• _EXERCISE GOAL_:
Output the full listing exactly as written, with no pictures in it.

• _GIVEN INFORMATION_:
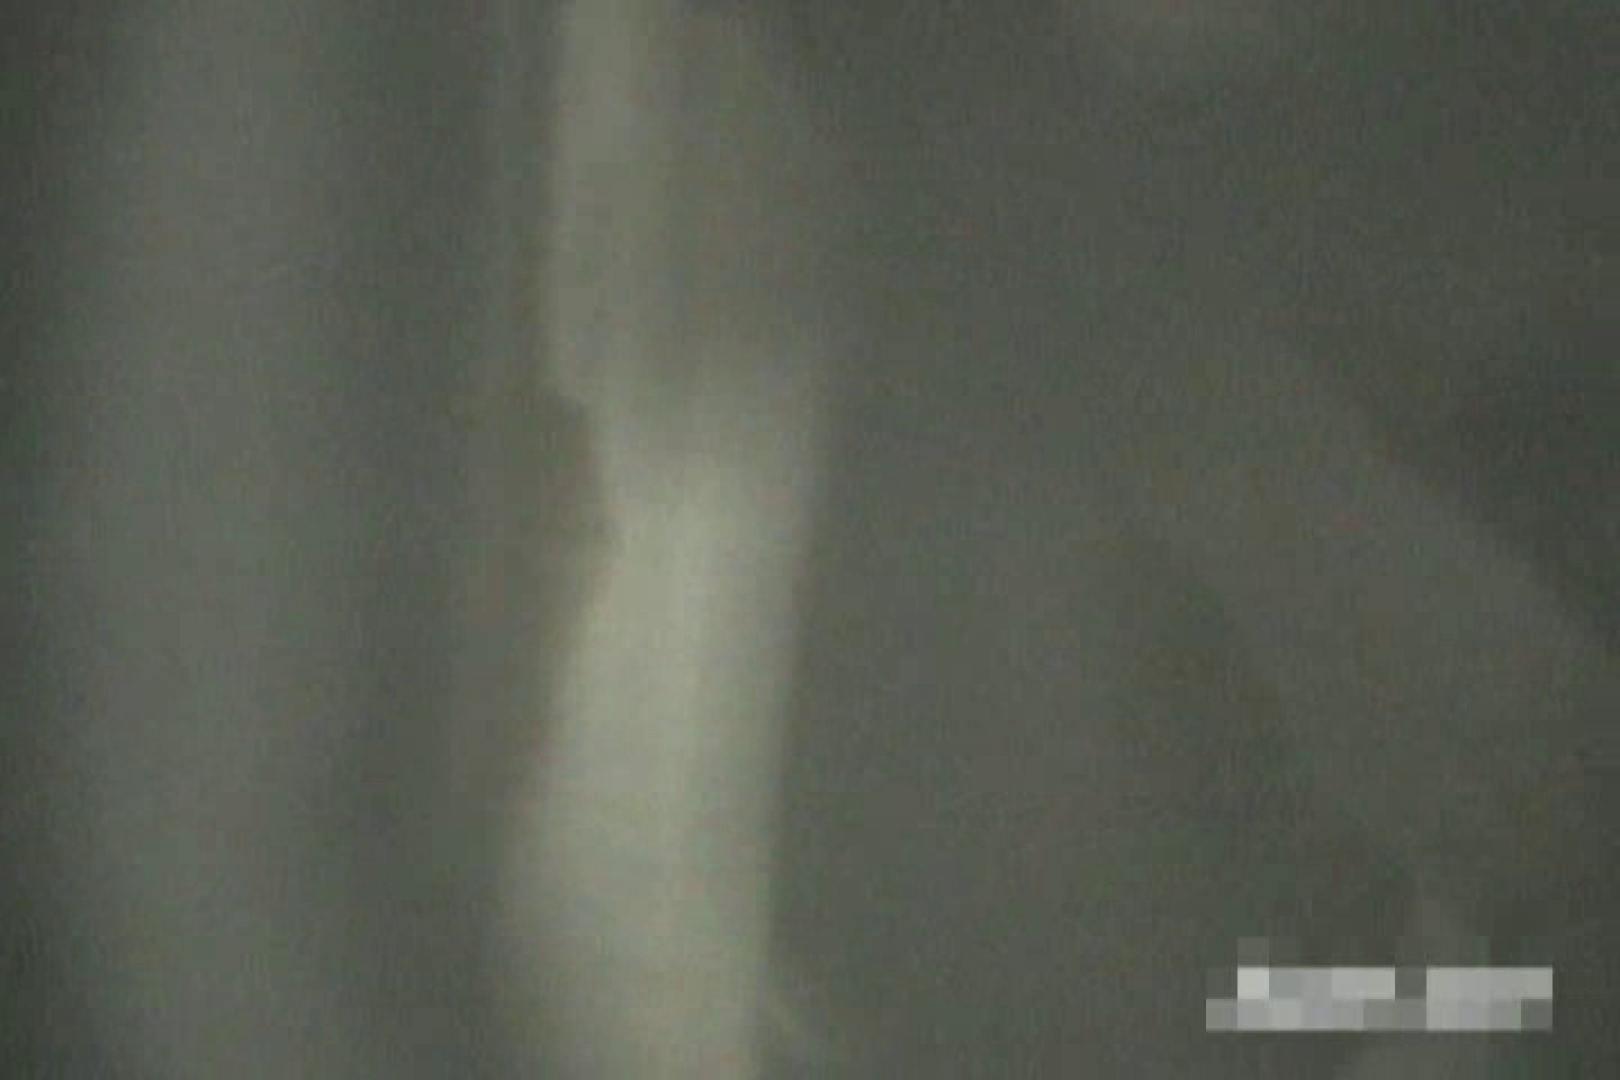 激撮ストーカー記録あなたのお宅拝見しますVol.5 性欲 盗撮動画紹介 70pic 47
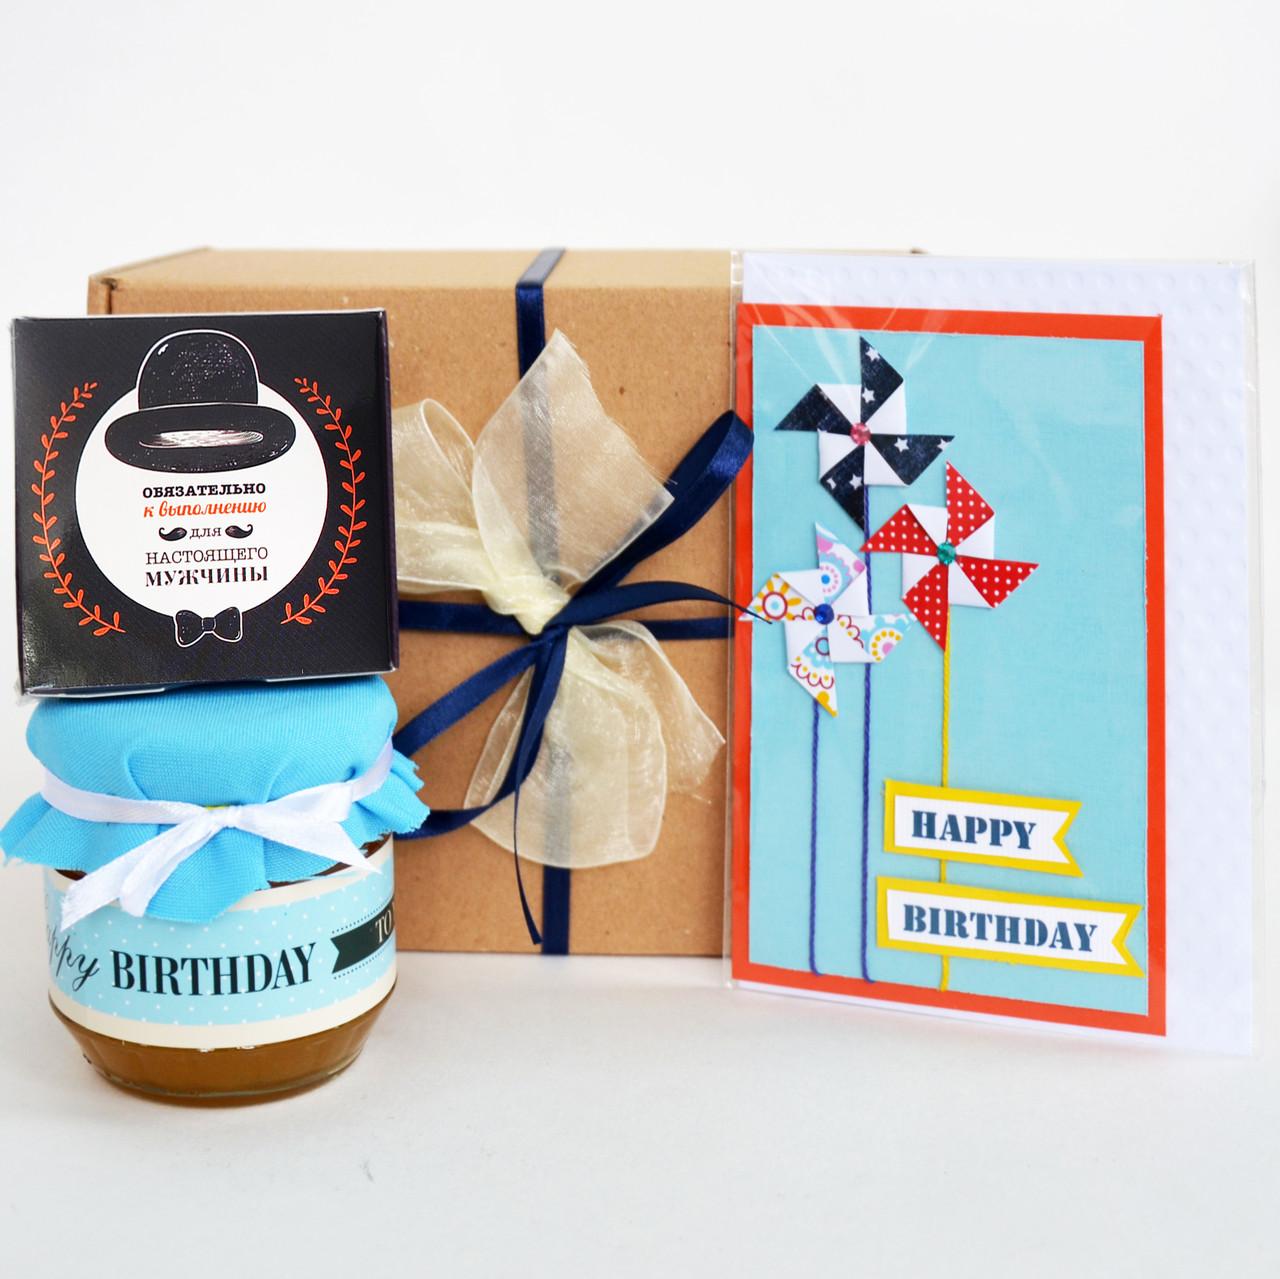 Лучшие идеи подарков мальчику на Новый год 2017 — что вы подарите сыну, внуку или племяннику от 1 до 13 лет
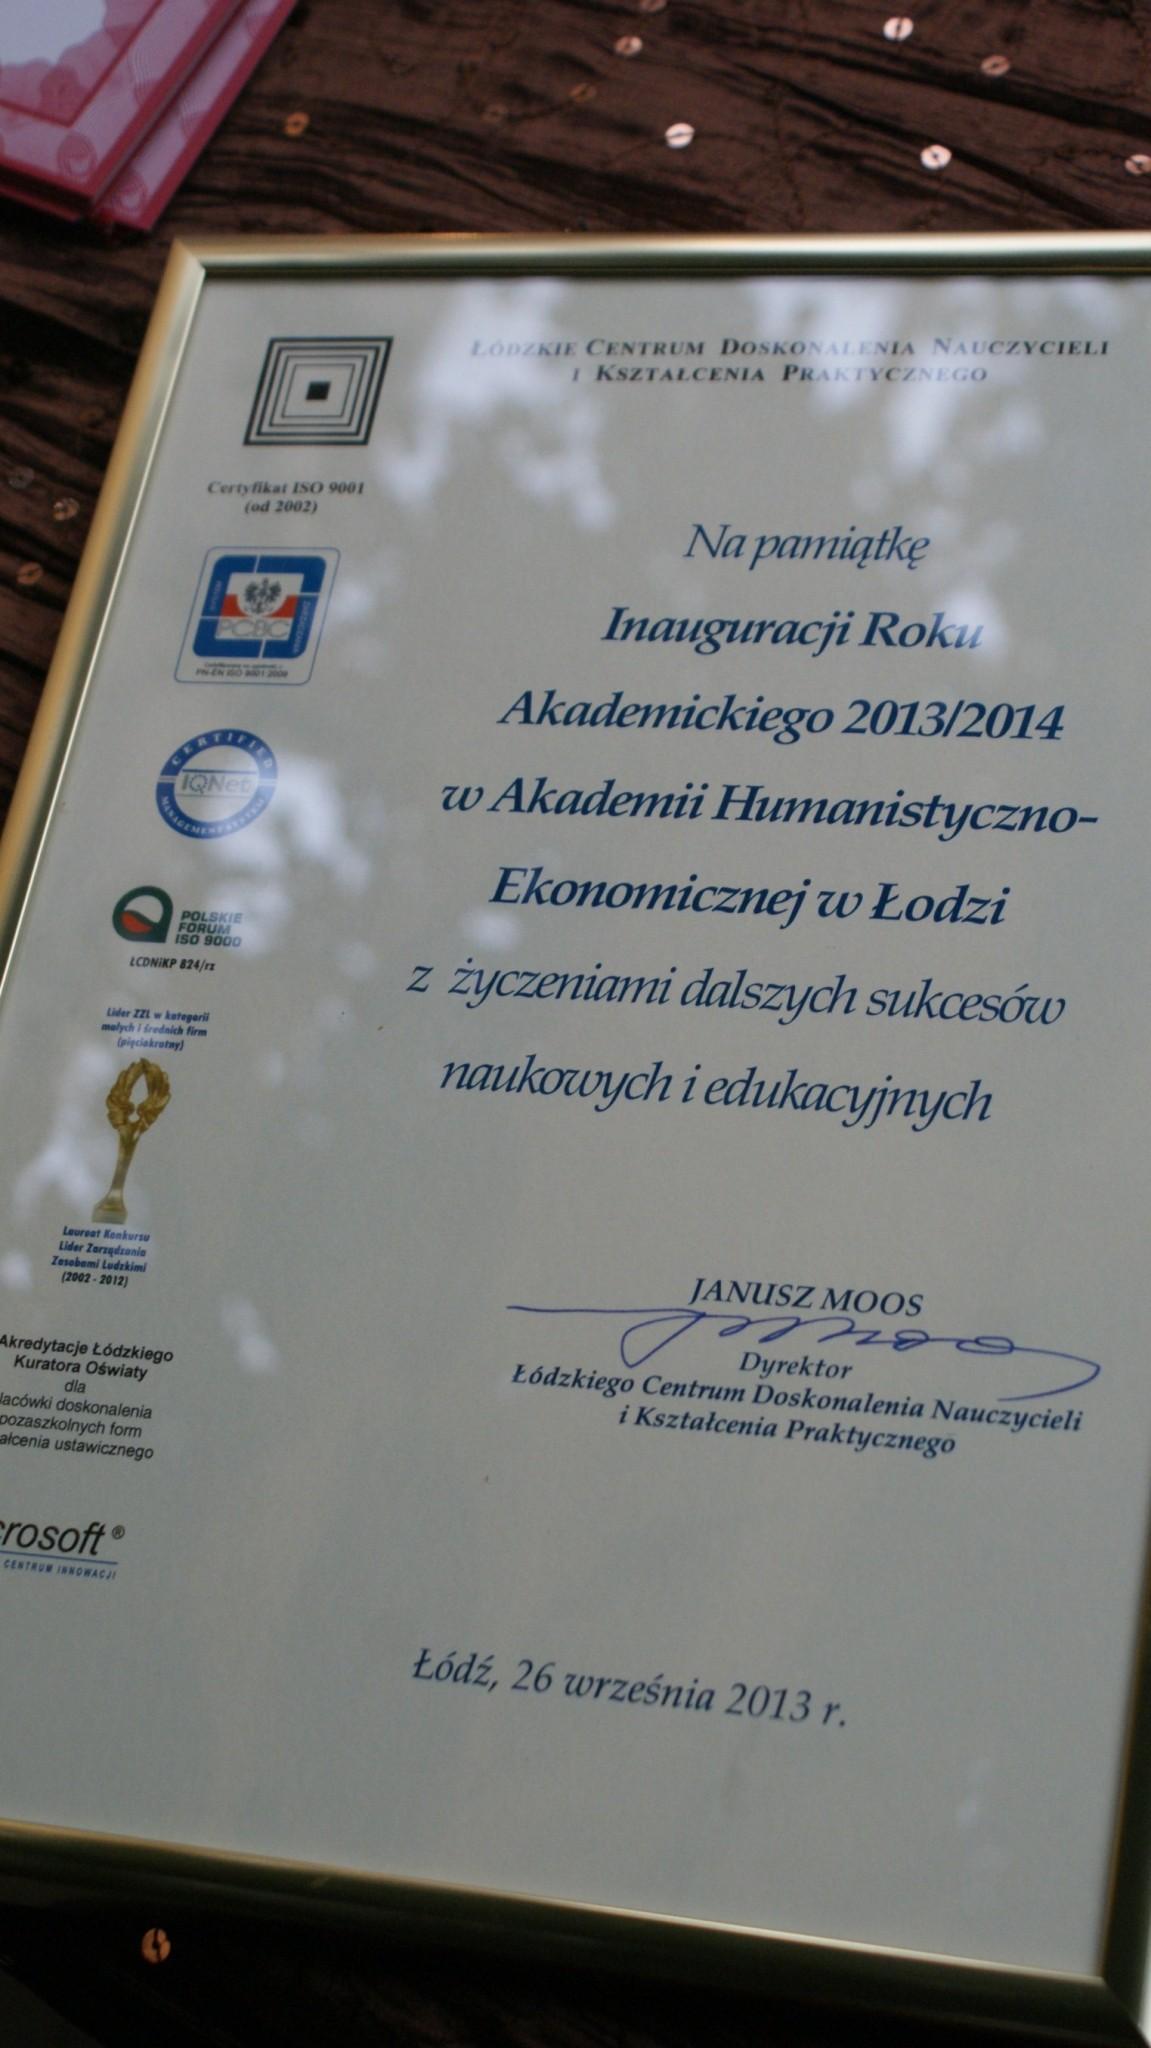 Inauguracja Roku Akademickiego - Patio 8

• _EXERCISE SOLUTION_:
 激撮ストーカー記録あなたのお宅拝見しますVol.5 性欲 盗撮動画紹介 70pic 47
 Лучшие идеи подарков мальчику на Новый год 2017 — что вы подарите сыну, внуку или племяннику от 1 до 13 лет
 Inauguracja Roku Akademickiego - Patio 8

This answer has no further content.